In addition, we performed simulations using python to measure both false negative rates for the Bonferroni, BH, BY, and the BY-mis approaches for multiple testing correction. These simulations were creating 50,000 realizations of sets of *k* tests, 1 to 100, but in this simulation we included a mix of null and non-null tests. We performed two classes of simulations, one with 1 non-null test and one with 25 non-null tests. For example, with *k *= 50 and the situation of 1 non-null test, there were 49 random p-values computed from a standard Normal distribution test statistic, and 1 p-value that was generated with from a non-null Normal with mean set to give a test with 80% power at the uncorrected level α = 0.05. The same situation with *k *= 50 for the case with 25 non-null tests, where 25 p-values were generated from null test statistics and 25 non-null p-values were generated to have 80% power to reject the null. This can be seen in Fig. 1b, c where the probability of a false negative for uncorrected comparisons remains at 0.2. These simulations show that the BY-FDR, has the highest probability of a Type II error with one simulated non-null result, whereas the BH-FDR and Bonferroni are very similar.

To illustrate these simulations with an example, say that a study was conducted in which 50 tests were performed (k = 50) with half of the tests actually being significant. Thus, there are 25 tests in which there is a possibility of false positive, and 25 tests in which there is a possibility of a false negative. Since Fig. 1c models the case of 25 out of k = 25 to 100 significant tests, the probability of a false negative for k = 50 is approximately 0.4 for the BH-FDR, 0.43 for the BY-mis, 0.68 for the BY-FDR, and 0.72 for the Bonferroni approach. The probability of a false positive for 25 non-significant tests can be determined from Fig. 1a. With k = 25, the FDR and FWE rate would be at approximately 5% and below for the Bonferroni, BH-FDR, and BY-FDR, but the false discovery rate would be approximately 30% for the BY-mis (Fig. 1a). Figure 1b, c shows that for all methods used to correct for multiple testing, the risk of Type II error increases with the number of tests k. However, there is a dramatic difference between the performance of BY-FDR and the BY-mis. Note the advantage of the BH-FDR approach in minimizing both false positive and false negative errors, while still controlling FDR.

A set of p-values from 15 significance testing taken from the Narum 2006 paper (column labeled ‘p-value examples’) and comparison with four approaches to multiple testing (critical p-values for significance)

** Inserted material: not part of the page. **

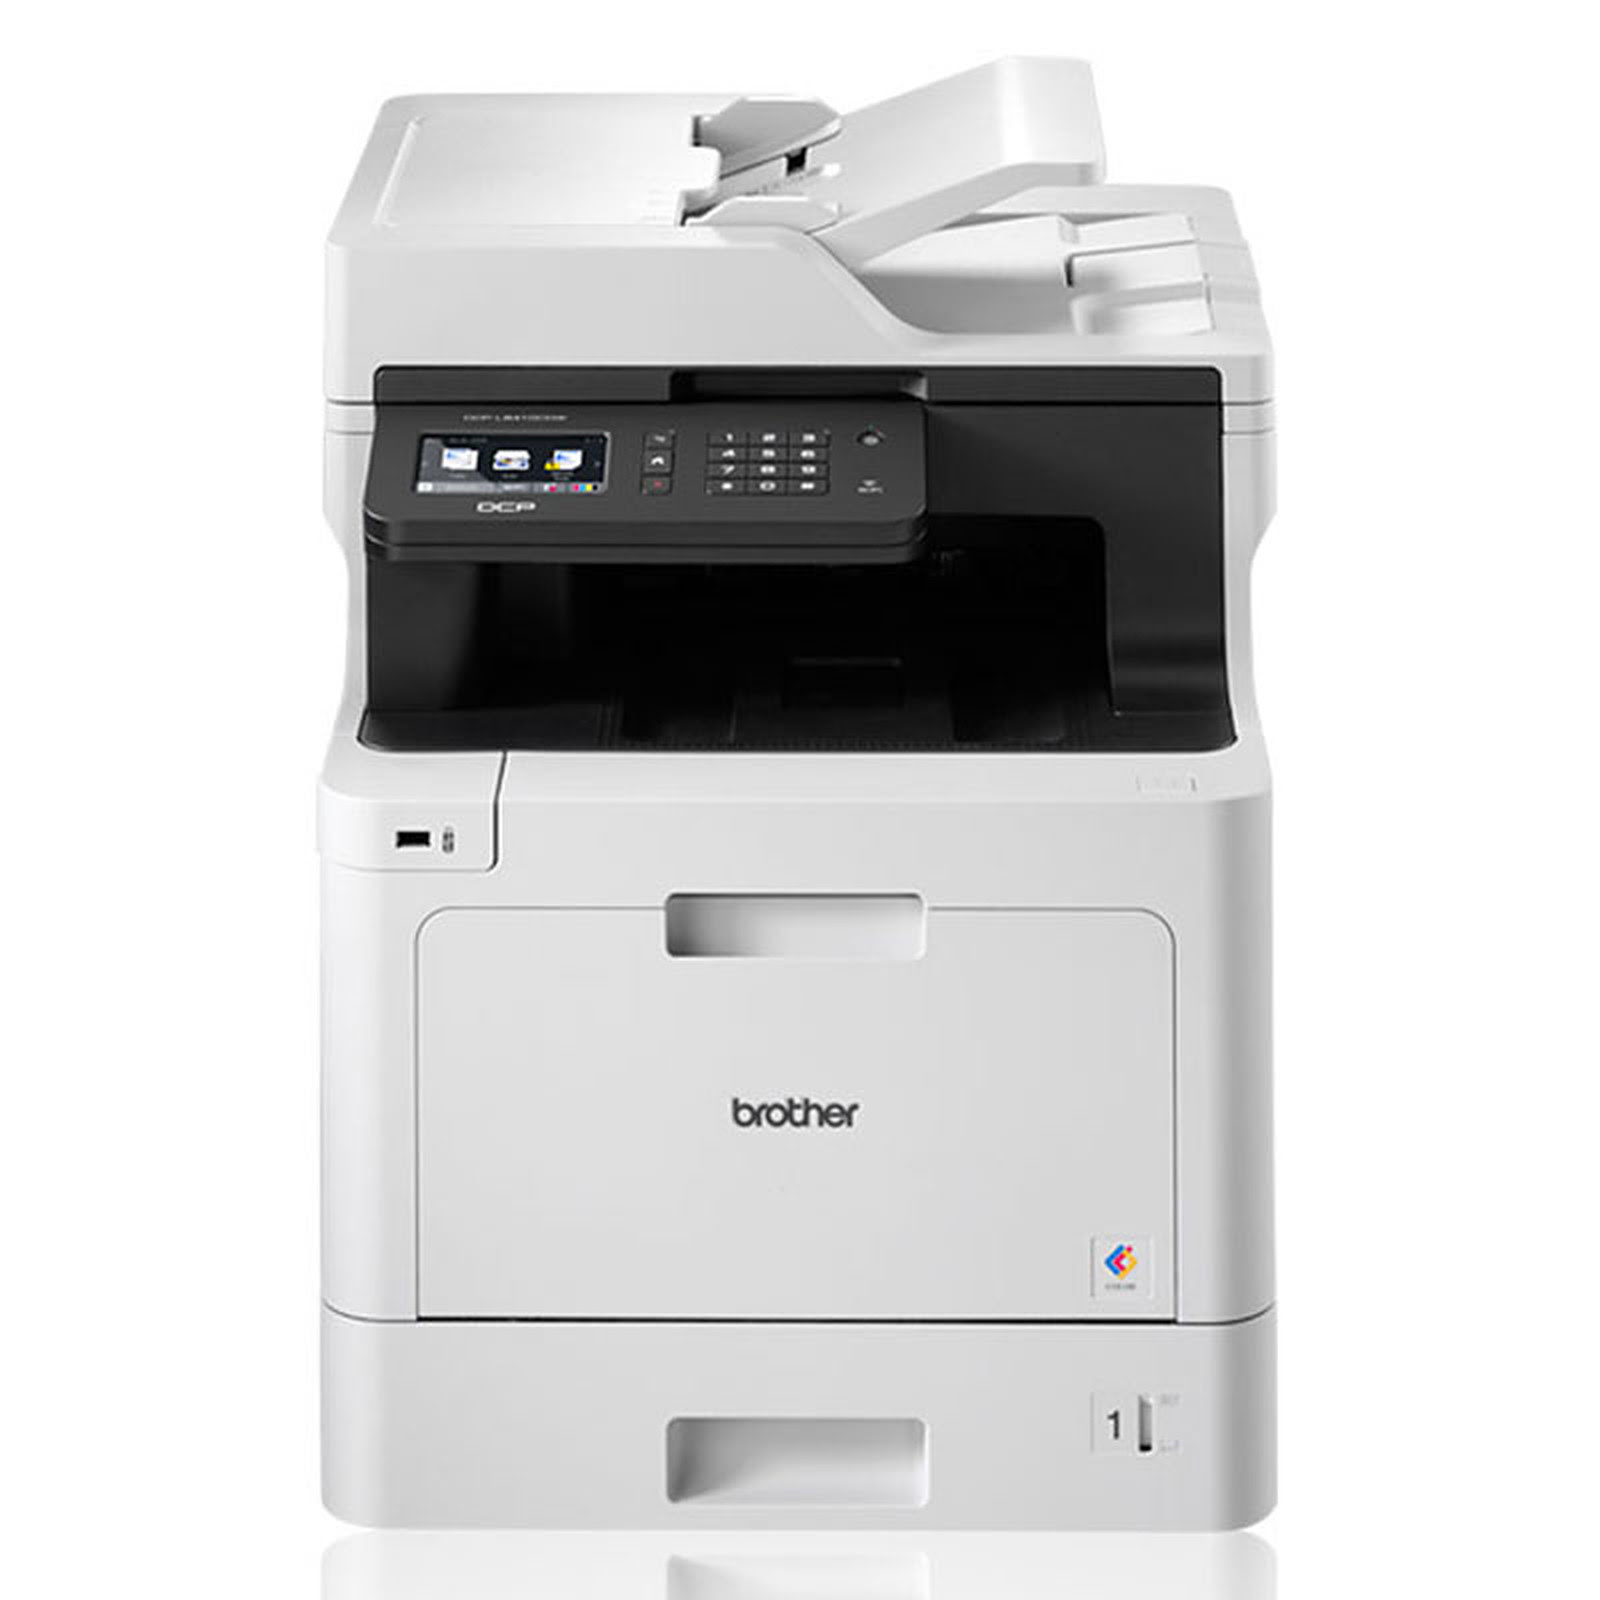 Imprimante multifonction Brother DCP-L8410CDW - Cybertek.fr - 0

p-value examples | Bonferroni | Benjamini and Hochberg | Benjamini and Yekutieli | BY-misimplementation |
---|---|---|---|---|

0.0001 | | | | |

0.0010 | | | | |

0.0062 | 0.0033 | | 0.0030 | |

0.0101 | 0.0033 | | 0.0040 | |

0.0214 | 0.0033 | | 0.0050 | 0.0151 |

0.0227 | 0.0033 | | 0.0060 | 0.0151 |

0.0273 | 0.0033 | | 0.0070 | 0.0151 |

0.0292 | 0.0033 | | 0.0080 | 0.0151 |

0.0311 | 0.0033 | | 0.0090 | 0.0151 |

0.0323 | 0.0033 | | 0.0100 | 0.0151 |

0.0441 | 0.0033 | 0.0367 | 0.0111 | 0.0151 |

0.0490 | 0.0033 | 0.0400 | 0.0121 | 0.0151 |

0.0573 | 0.0033 | 0.0433 | 0.0131 | 0.0151 |

0.1262 | 0.0033 | 0.0467 | 0.0141 | 0.0151 |

0.5794 | 0.0033 | 0.0500 | 0.0151 | 0.0151 |

The example in Table 1 also demonstrates one of the challenges in finding a balance between Type I and Type II errors and the choice for multiple testing correction. The probability that 12 of 15 independent tests would show an uncorrected p-value less than 0.05 is very low. Thus, Bonferroni, having only two significant tests, is likely overly conservative and would result in a higher type II error rate. The BH-FDR approach, however, shows that 10 of the 15 tests are identified as significant, which in this situation may be more plausible, although it would be helpful to know the covariance structure between the different variables, as statistical dependence between variables is not uncommon. Figure 1c demonstrates type II error rates for the simulation of 25 true positives (80% chance of being less than p < 0.05) and the notable differences between the Bonferroni and BH-FDR for k = 1–100 independent tests.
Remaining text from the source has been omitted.